Hopefully this is the right forum to post this question.

I've been wanting to get a heavy bag to practice on for a while now. The problem is that there's no way I could hang it anywhere in my house or garage. I also can't really nail a mount to the side of my wall outside. What I'm wondering is, is there such a  thing as a free standing/standup heavy bag that is ok for storing outdoors? I've done some looking around but couldn't find anything.


----------



## bushidomartialarts (Mar 11, 2011)

I'm not aware of any specifically made for outdoor use. But the vinyl-coated models should do pretty well, especially if you take them in out of heavy weather.

Have you considered free-standing bags? You don't have to hang them off of anything.


----------



## mook jong man (Mar 11, 2011)

Benevolentbob said:


> Hopefully this is the right forum to post this question.
> 
> I've been wanting to get a heavy bag to practice on for a while now. The problem is that there's no way I could hang it anywhere in my house or garage. I also can't really nail a mount to the side of my wall outside. What I'm wondering is, is there such a  thing as a free standing/standup heavy bag that is ok for storing outdoors? I've done some looking around but couldn't find anything.



Yeah there is , its called a stack of car tyres.


----------



## girlbug2 (Mar 11, 2011)

What would you stack the car tires on so they stayed stable?


----------



## Never_A_Reflection (Mar 11, 2011)

Benevolentbob said:


> Hopefully this is the right forum to post this question.
> 
> I've been wanting to get a heavy bag to practice on for a while now. The problem is that there's no way I could hang it anywhere in my house or garage. I also can't really nail a mount to the side of my wall outside. What I'm wondering is, is there such a  thing as a free standing/standup heavy bag that is ok for storing outdoors? I've done some looking around but couldn't find anything.



Wavemaster XXL

Or you can buy a punching bag stand--they are sold at most big sporting goods stores


----------



## mook jong man (Mar 11, 2011)

girlbug2 said:


> What would you stack the car tires on so they stayed stable?

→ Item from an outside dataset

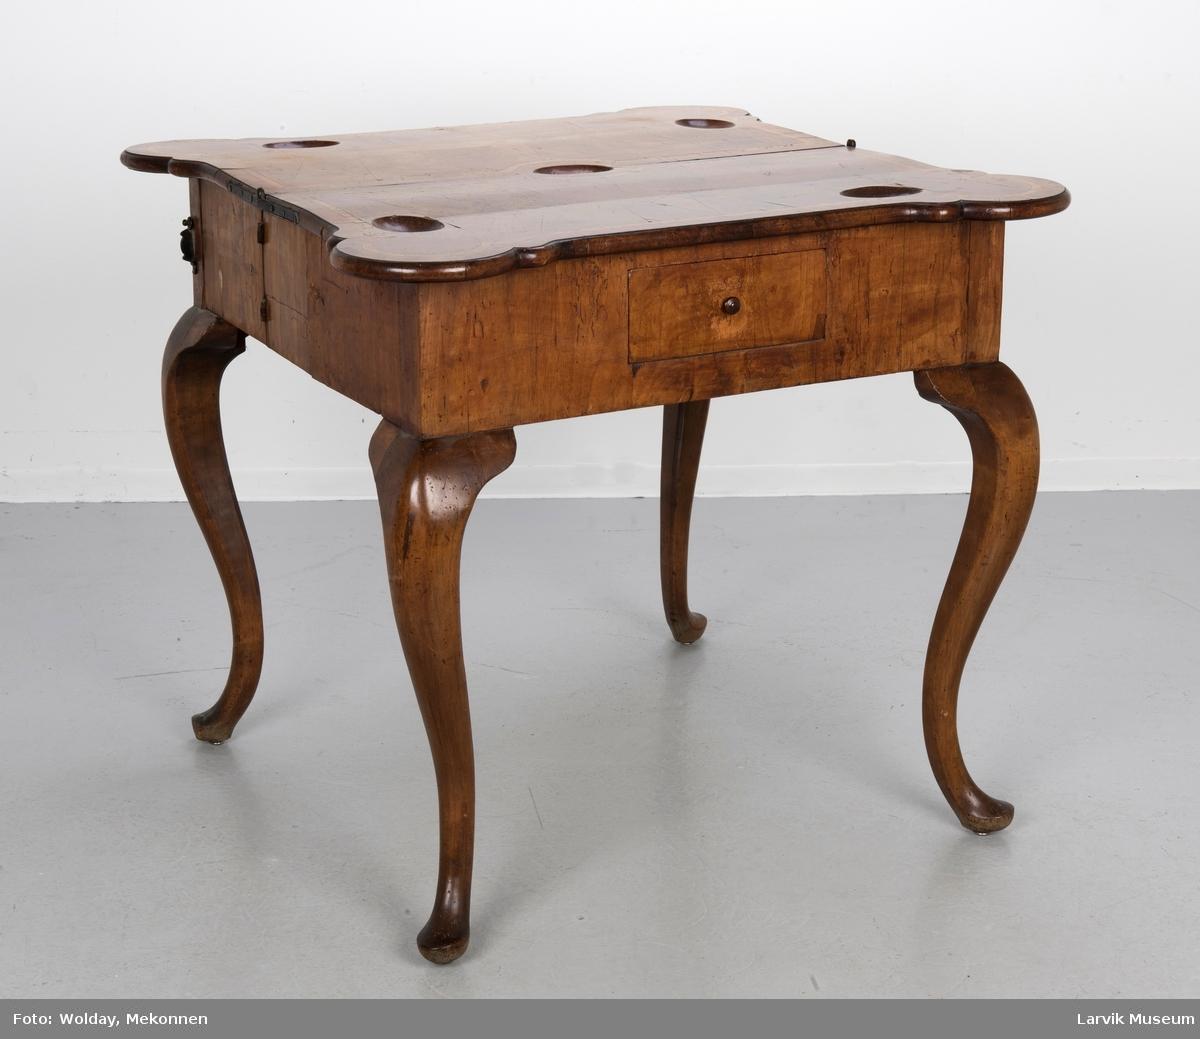 Tysk spillebord av nøttetre. Antakelig Braunschweig, ca. 1740.

You could use your husband  .

No , you could whack three sturdy posts into the ground and throw them over that , the only thing would be that you would have to drill a few holes in the tyres so that water could drain out when it rains , otherwise you will get mosquitoes breeding in there.


----------



## IcemanSK (Mar 12, 2011)

I'd suggest a Wavemaster XXL, as above, but fill it with sand, rather than water. That way freezing isn't an issue.


----------



## Benevolentbob (Mar 12, 2011)

Thanks for all the suggestions guys. I think I'm gonna get that Wavemaster and throw a tarp over when it's not in use.


----------



## searcher (Mar 14, 2011)

mook jong man said:


> Yeah there is , its called a stack of car tyres.


 

Exactly what I did.


----------



## jcauser (Mar 14, 2011)

http://www.karatesupply.com/Bob-XL-Punching-Bag_p_831.html

as a suggestion or an Idea if it were to get wet or somthing may hold up better than your normal vinyl bag.


----------